Controller/Operations center pods stuck in terminating state

Article ID:360059046072
1 minute readKnowledge base

Issue

When worker nodes crash controller/Operations center pods are not moved to a different worker node. Controller/Operations center pods get stuck in terminating /unknown state.

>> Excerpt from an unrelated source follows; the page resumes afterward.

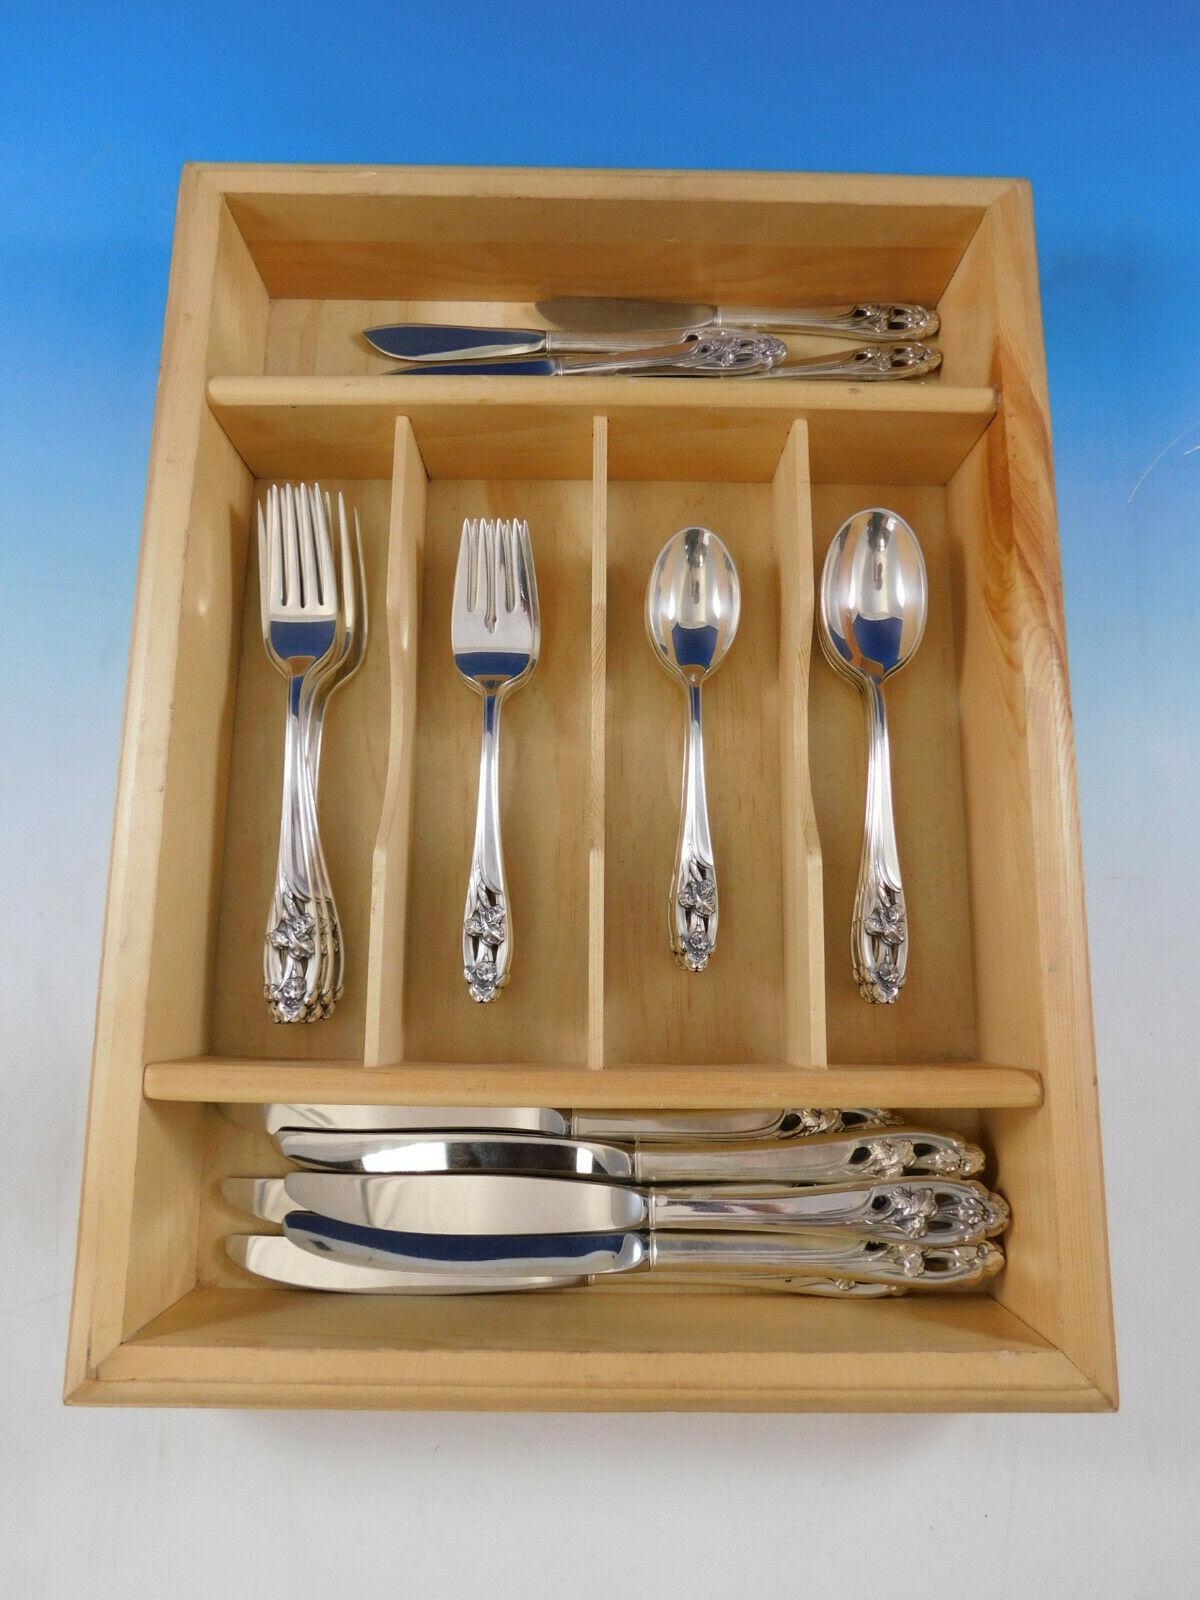 Silver Iris by International sterling silver pierced handle flatware set - 36 pieces. Great starter set! This set includes:

6 knives, 9 1/4

 kubectl get pods -n $NAMESPACE -o wide | grep -i Terminating
ControlerTest1-0 1/1 Terminating 0 7d11h 10.42.17.34 somenode1 <none> <none>
ControlerTest2-0 1/1 Terminating 0 7d11h 10.42.17.35 somenode1 <none> <none>
ControlerTest3-0 1/1 Terminating 0 7d10h 10.42.17.36 somenode1 <none> <none>

Resolution

This happens when Kubernetes worker node loses connectivity to the API server. Kubernetes (versions 1.5 or newer) will not delete Pods just because a Node is unreachable. The Pods running on an unreachable Node enter the 'Terminating' or 'Unknown' state after a timeout. Pods may also enter these states when the user attempts graceful deletion of a Pod on an unreachable Node. In this case the pod still remains in the API server and hence a new pod is not scheduled since statefulset requires pod maintain a unique id within the cluster.

Workaround

A pod in the terminating state will be removed through below actions. This should allow pod to be rescheduled as any record of it is removed from api server.

  • The Node object is deleted (either by you, or by the Node Controller).

  • The kubelet on the unresponsive Node starts responding, kills the Pod and removes the entry from the apiserver.

  • Force deletion of the Pod by the user (kubectl delete pods <pod> --grace-period=0 --force). This should be used as last resort.